I understand 100%. I'm divorced and have discovered that I like alone time even more than I realized when i was married for all the little pleasures that have been mentioned here. I'm glad to hear there are others who enjoy alone time as well and don't view it as a major tragedy if you have to spend a little time apart from the spouse.


----------



## SimplyAmorous (Nov 25, 2009)

Although my greatest past time is being near my husband...and he would say the same... we're not on top of each other or anything like that.. 

I still enjoy my alone time... I get decent amounts when he is at work & the kids are in school...hanging on forums, doing Ebay, researching & googling whatever is on my mind... this can suck all of my day if I am not careful... 

The ultimate for me ...has always been...this scene... 








..

or lying on our hammock caught up in a good book... getting lost in a movie too...(though I'd rather do that with him)... 

Also when songs like More Than A Feeling comes on the radio... I want to crank it to blasting...and I have to restrain myself when I am with H & kids.. so yeah...

Love being alone driving down the road ...fiddling with that radio or a special CD in...I like the windows down, the wind blowing in my hair ....singing at the top of my lungs ...just makes me feel so alive... music's always had that awesome "almost spiritual" uplift over me..


----------



## ScarletBegonias (Jun 26, 2012)

I don't worry about alone time as much as I used to.DH is so accepting of my personality that I don't crave solitude much anymore.I'd just end up doing the same things I can do when he's right there with me. ahhh that's so sappy ROFL

Alright, I will admit to being ok with him spending the day golfing w/the guys bc that's the day I spend on the couch watching Jane Austen movies


----------



## married tech (Jan 18, 2014)

For me alone time is where I can actually get something done. 

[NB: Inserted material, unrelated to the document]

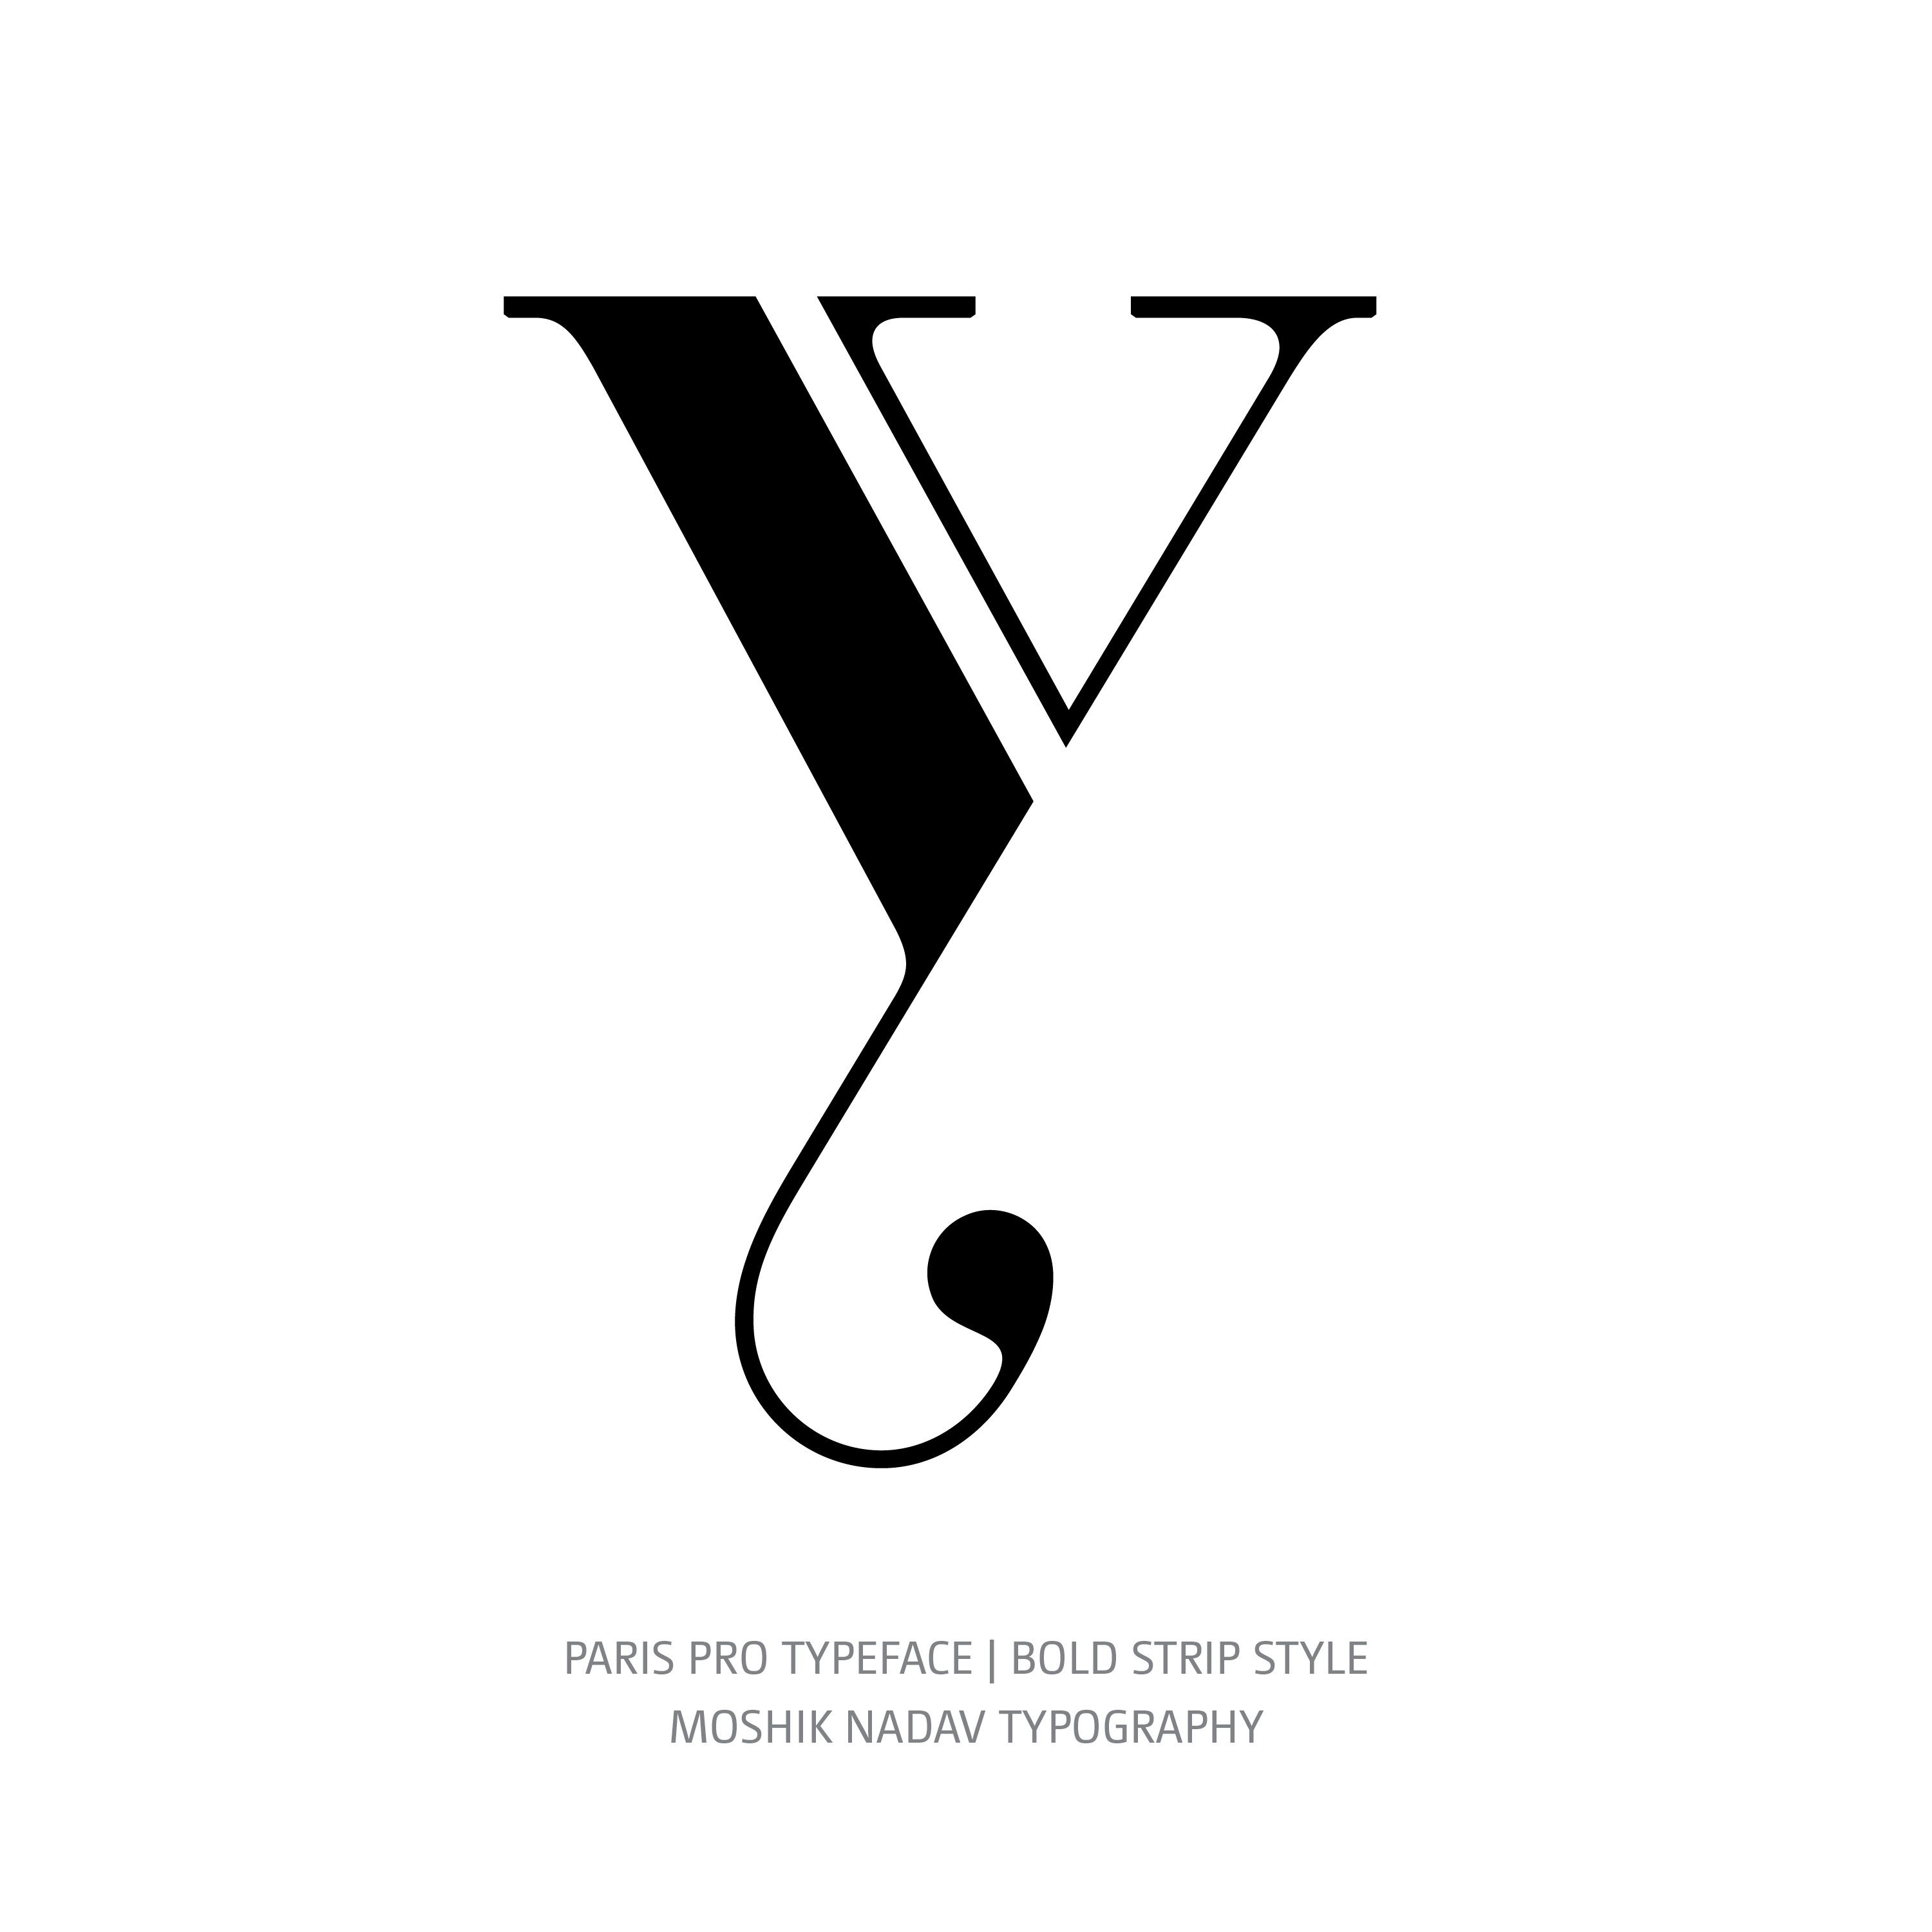 Paris Pro Typeface Bold Strip y

Most of the time with my wife around its constantly being expected to do something for her they way she wants it with her standing over me telling me how to do every detail which drives me nuts and then some.

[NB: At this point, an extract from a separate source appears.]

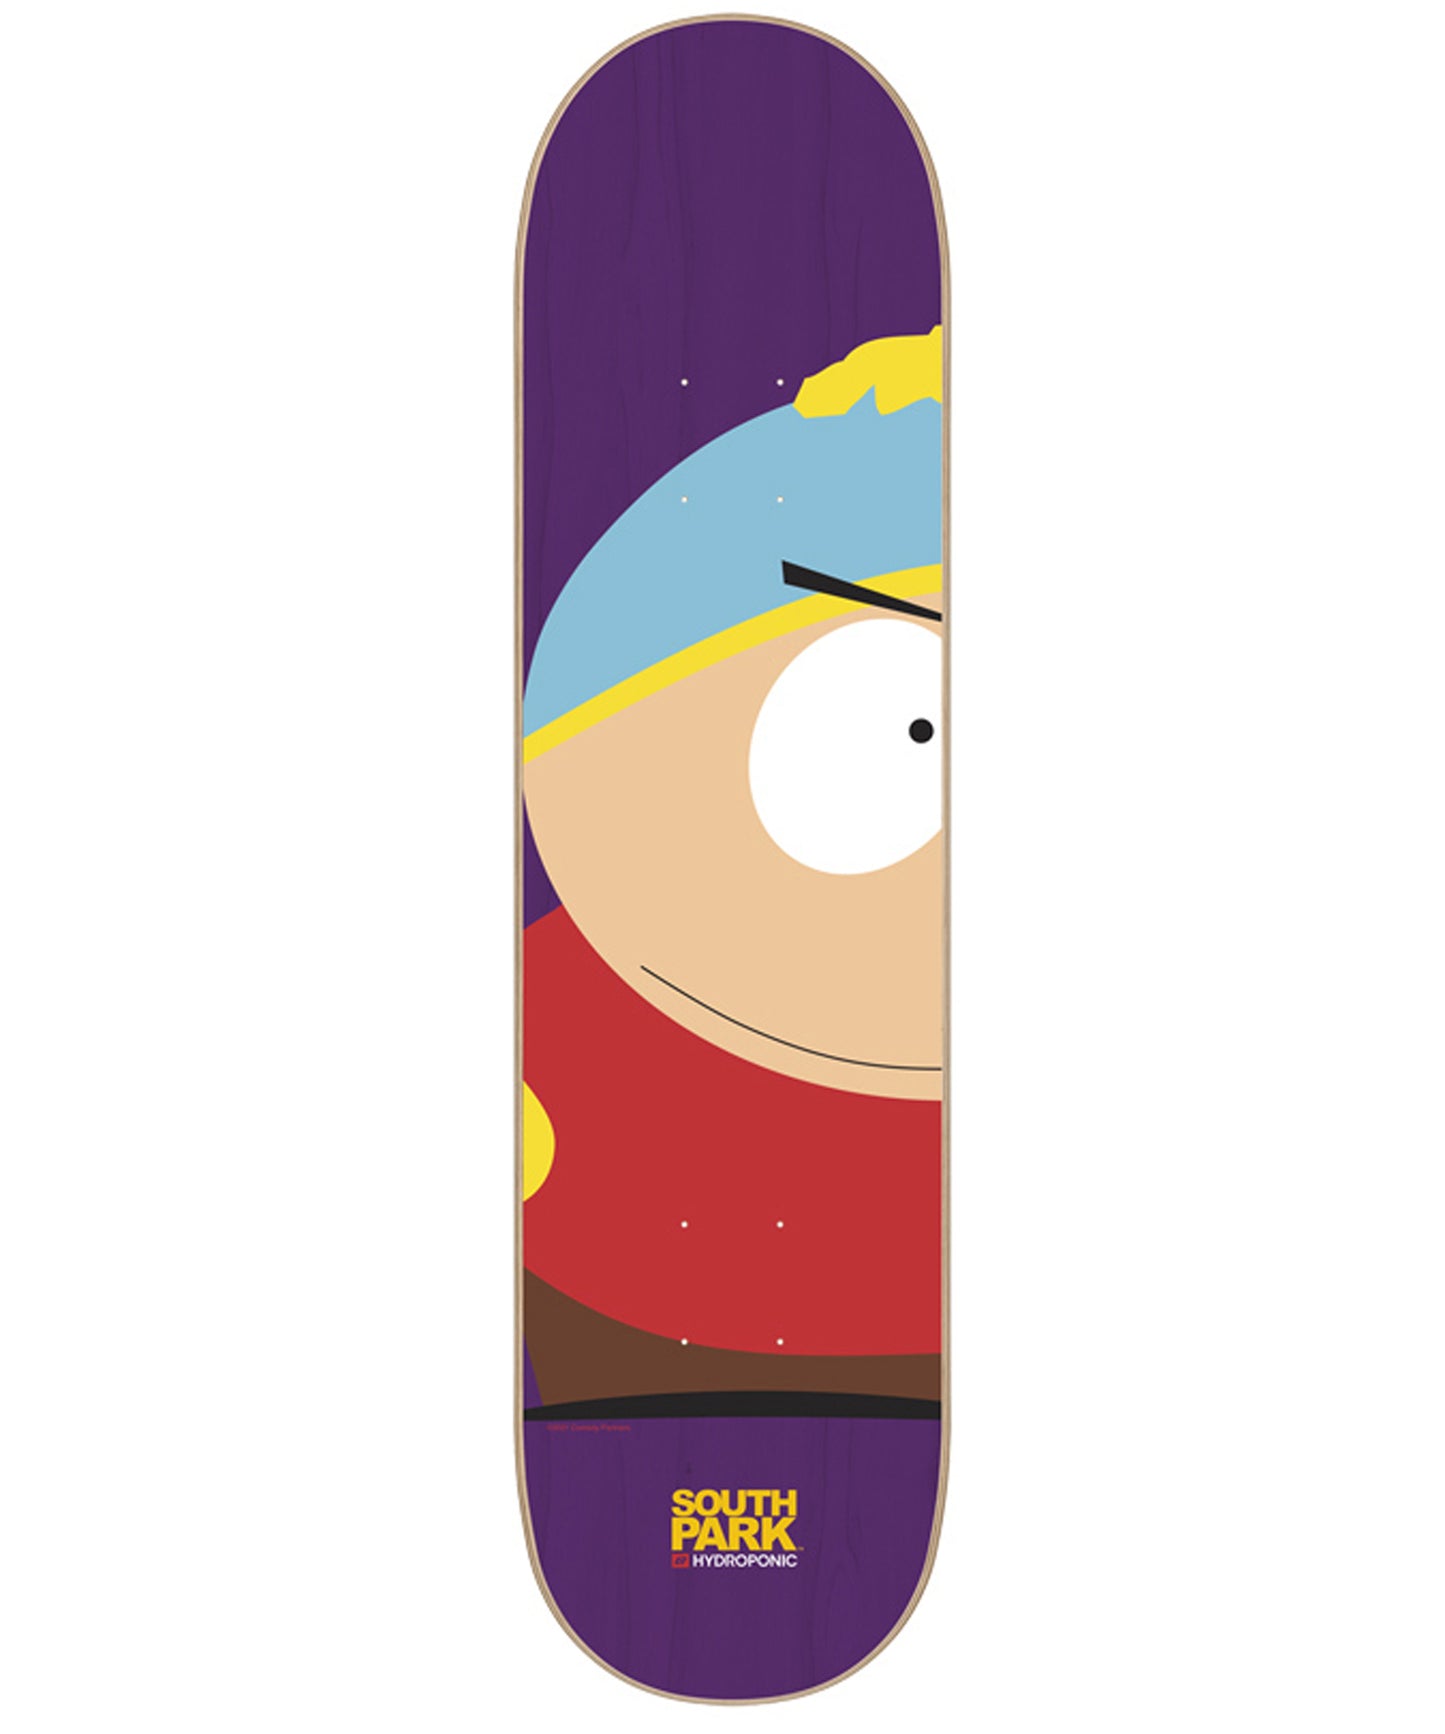 Tabla de skateboard Hydroponic South Park Cartman left de 8"  . Colaboración con la famosa serie South Park

If you know what needs to be done, have a idea of how you want it done plus have the time to hover around me telling me how to do it you obviously had the knowhow and time to have done it yourself.


----------



## IrishGirlVA (Aug 27, 2012)

I wish I didn't like alone time but I can't help it --- I am addicted. I am not married and do not have children. My budget would be awesome if I had a housemate but I'd rather put less in savings a month than have someone living with me. I have a BF who has his own place. Sometimes I dread the weekends when he and I have plans to do something. I'd rather be home, sitting on my back deck, slinging back some spiked drinks and listening to the birds chirp without feeling like I should be doing something constructive or having a meaningless conversation for the sake of talking.


----------



## married tech (Jan 18, 2014)

> Sometimes I dread the weekends when he and I have plans to do something. I'd rather be home, sitting on my back deck, slinging back some spiked drinks and listening to the birds chirp without feeling like I should be doing something constructive or having a meaningless conversation for the sake of talking.


Oh why can't my wife be more like you?!


----------